Миг смерти краток. А прощание с жизнью начинается задолго до последнего часа. Все, что мы когда-то, не зная того, сделали в последний раз, обозначает вехи прощания с жизнью. Вот он только что в последний раз раскурил сигару. До этого сказал последнее слово любимой дочери. Когда-то в последний раз он закрыл этюдник. Когда-то — в последний раз — закрыл книгу, дописал письмо, вымолвил слово. И наконец, в последний раз вдохнул чистый свежий воздух родных полей…
Тогдашняя Россия и не заметила утраты одного из лучших своих сынов. Вокруг имени трагически погибшего художника надолго воцаряется молчание. Он был не слишком заметен, непритязателен. Всю жизнь внятным тихим голосом он рассказывал в своих картинах о том, что знал сердцем, о своем житейском круге. Рассказывал о русских — русским. Тогда его голос услышали немногие. Еще меньше было прозорливцев, что поняли его. Но время, большое, всесильное время стало верным его союзником: год от года голос Венецианова все громче, все отчетливее звучит на всю Россию, эхом отзывается за ее пределами. Когда-то Чаадаев в третьем философическом письме высказал всем его сердцем пережитую истину: «…да и может ли великая душа, каково бы ни было ее призвание на земле, быть лишенной патриотизма? К тому же есть общий закон, в силу которого воздействовать на людей можно лишь через посредство того домашнего круга, к которому принадлежишь, той социальной семьи, в которой родился; чтобы явственно говорить роду человеческому, надо обращаться к своей нации, иначе не будешь услышан и ничего не сделаешь».

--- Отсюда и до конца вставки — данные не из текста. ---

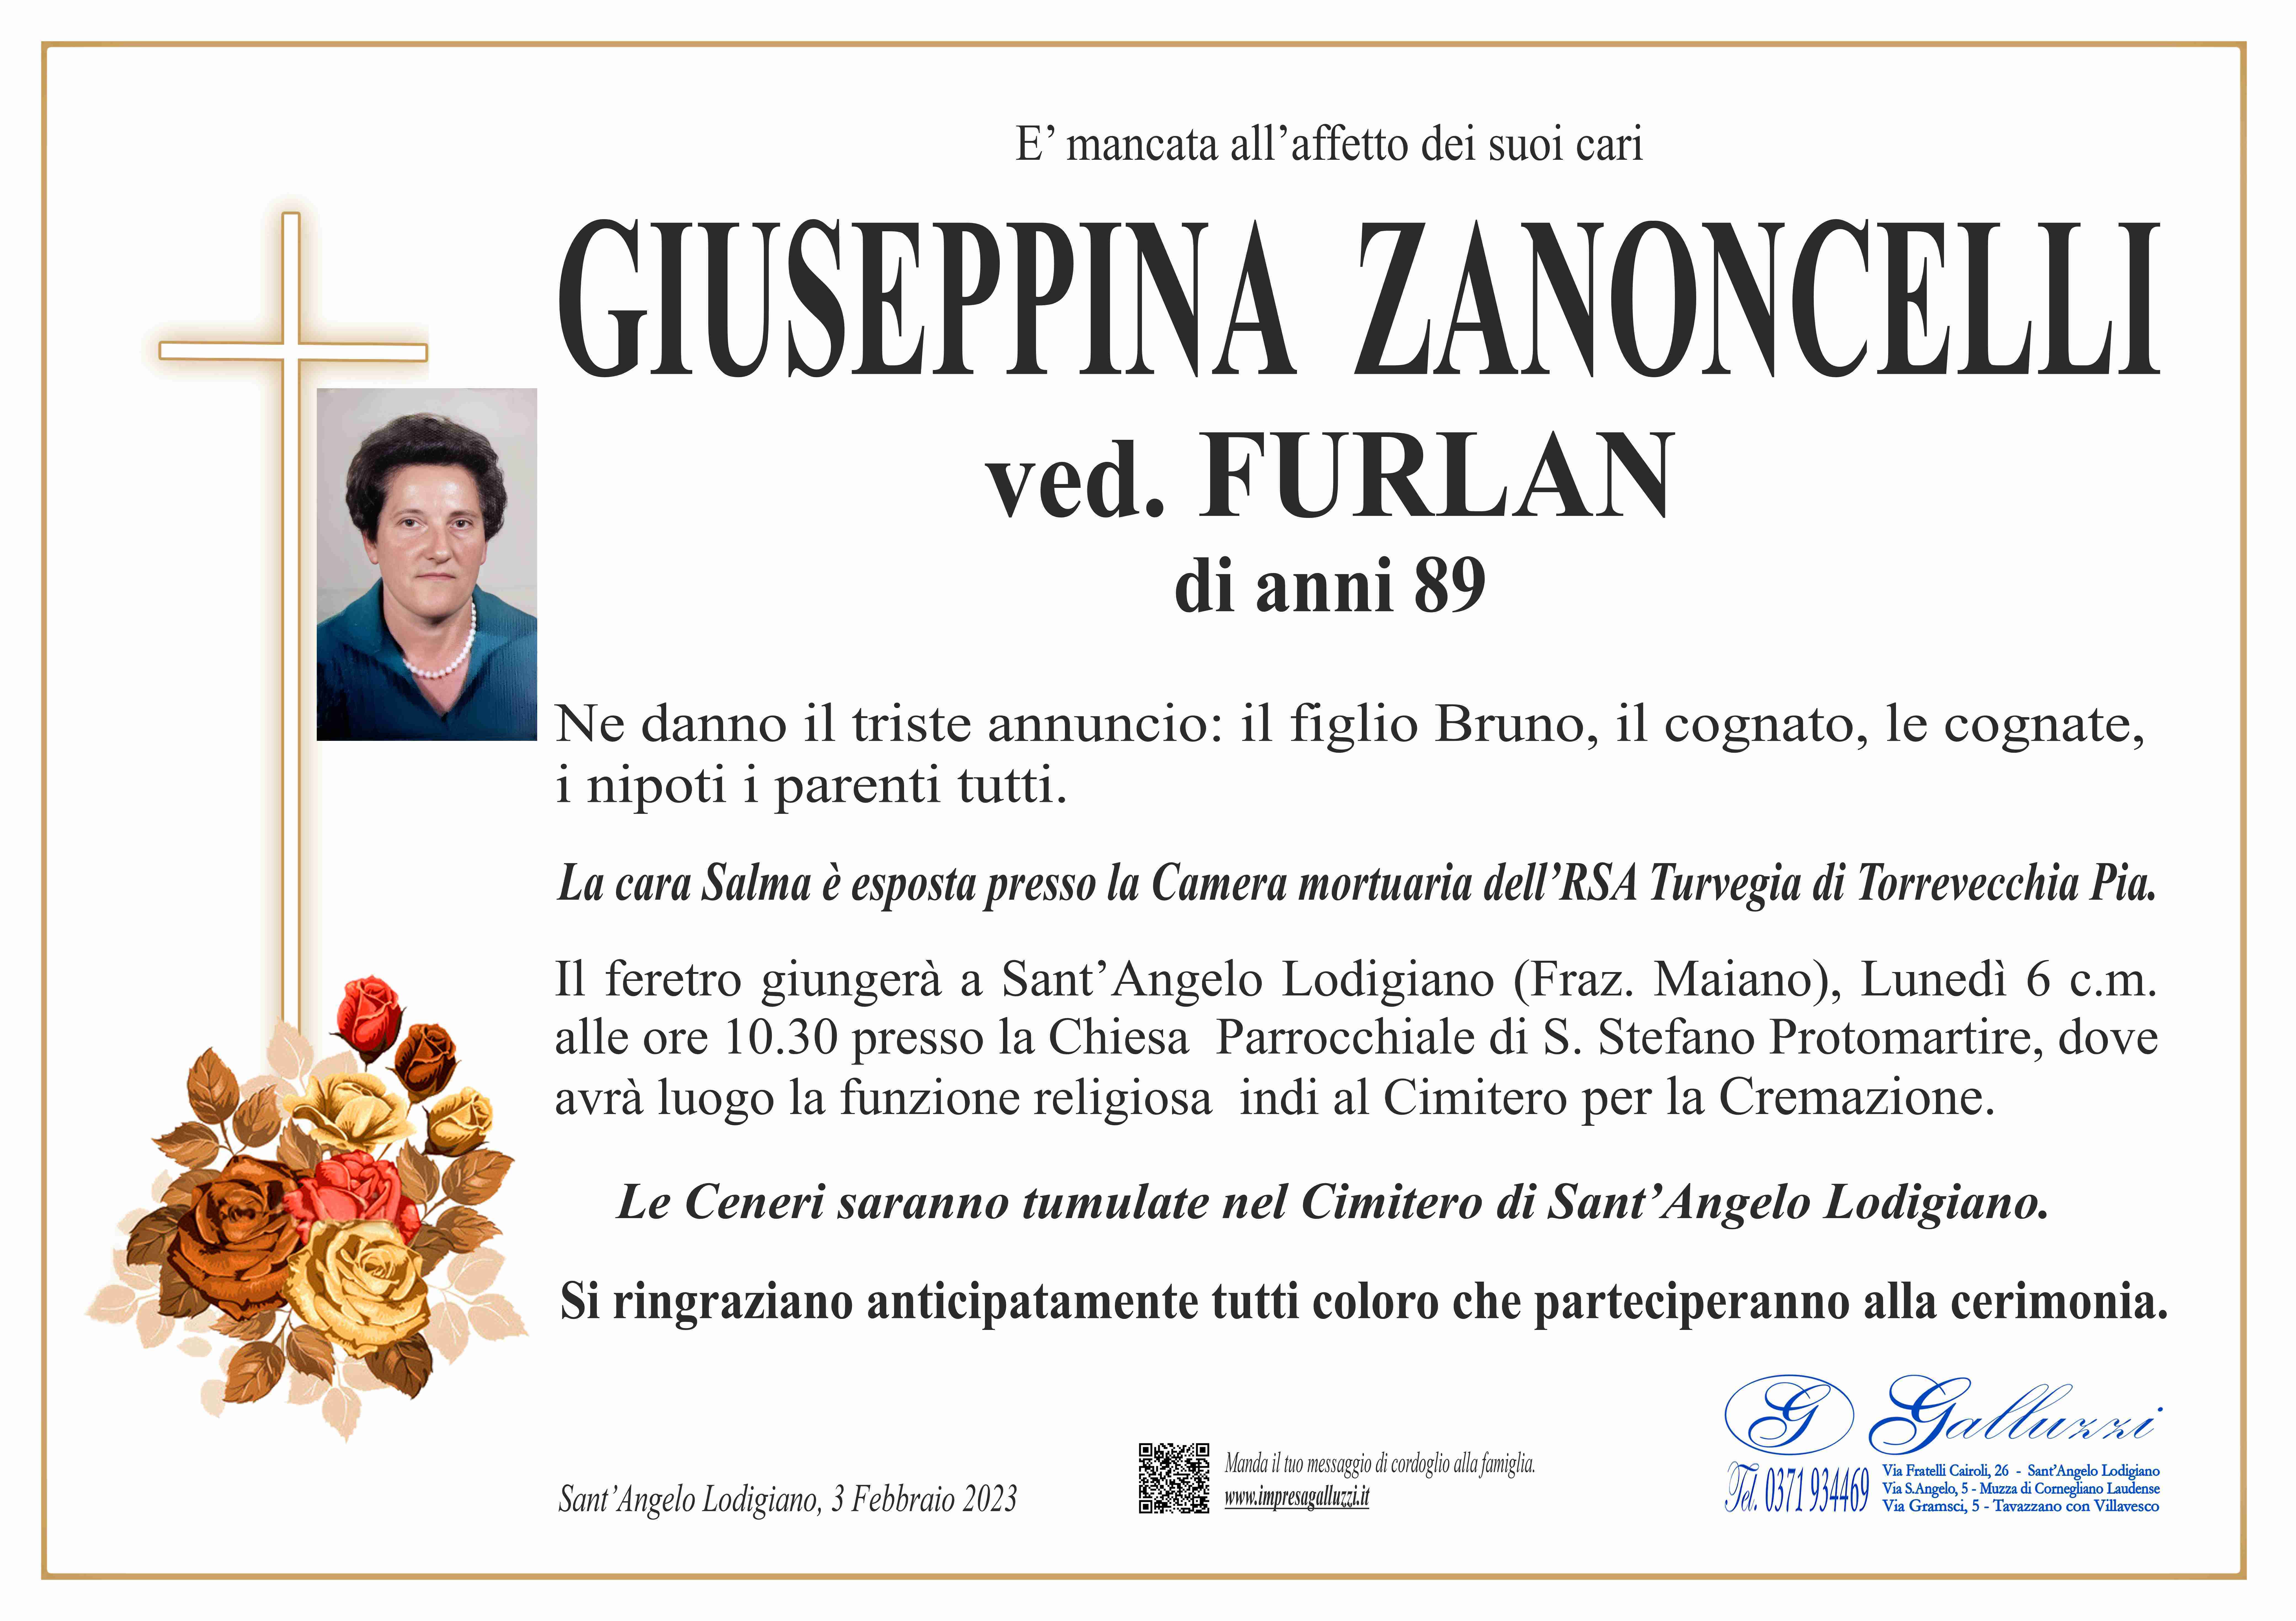 Giuseppina Zanoncelli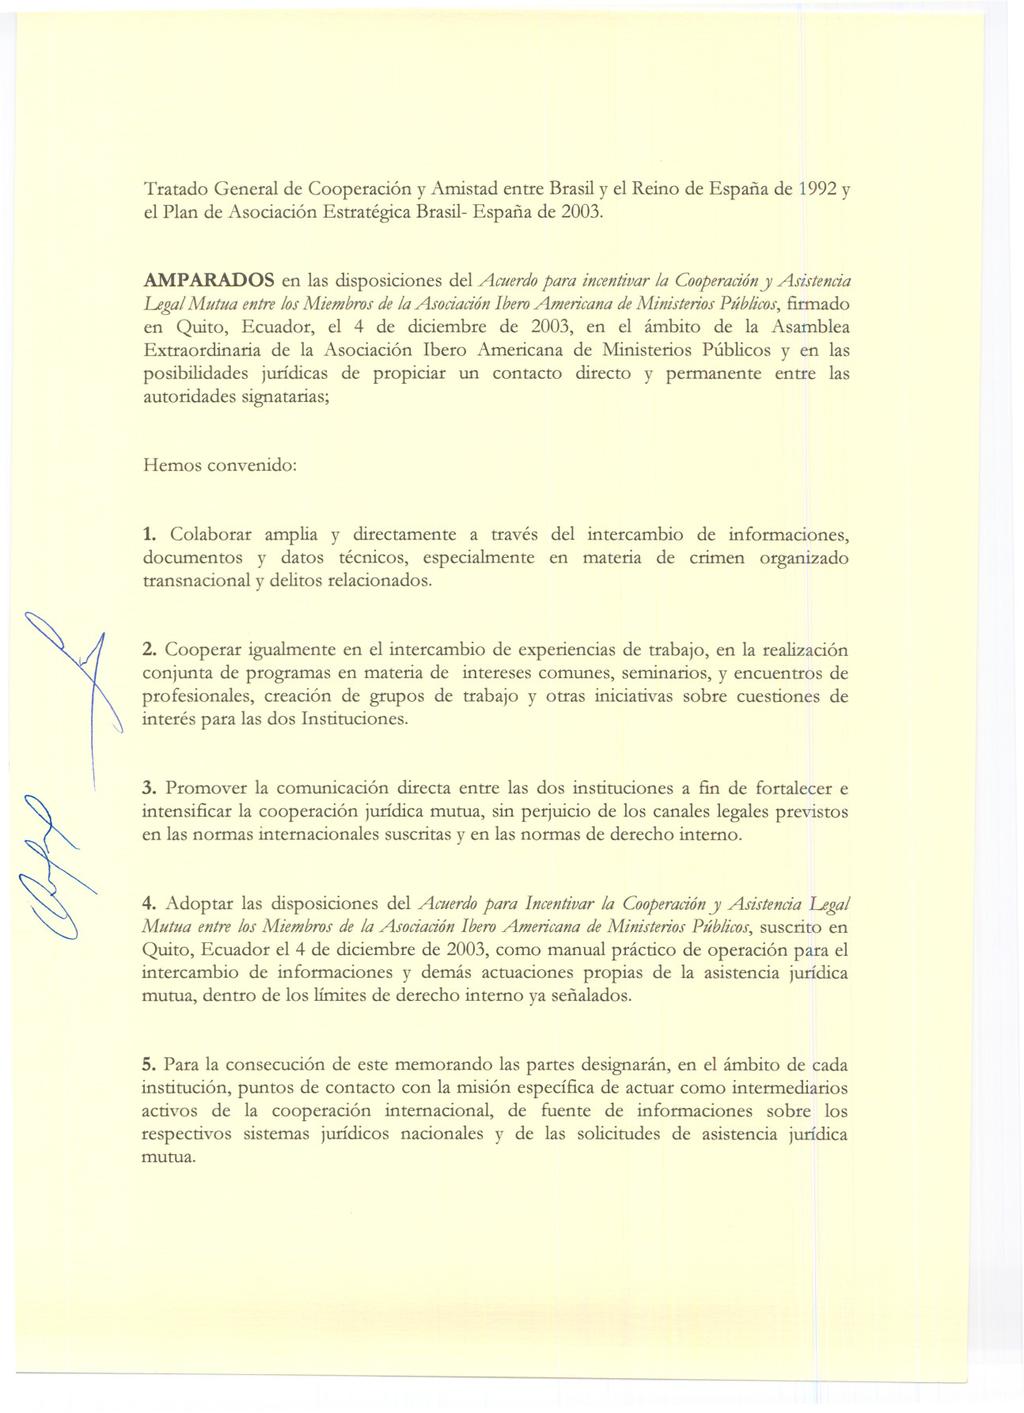 Tratado General de Cooperación y Amistad entre Brasil y el Reino de España de 1992y el Plan de Asociación Estratégica Brasil- España de 2003.

Именно поэтому неповторимо индивидуальное, остронациональное искусство Алексея Гавриловича Венецианова с каждым грядущим годом, отдаляющим его жизнь от сегодняшнего дня, активно набирает силу воздействия, видится с большого расстояния все более значительным, вызывающим глубокий интерес, духовное сопереживание и у художников, и у самых широких зрительских кругов.
Сомнения нет — этот процесс с течением времени будет расти, числу истинных прозелитов художника суждено множиться.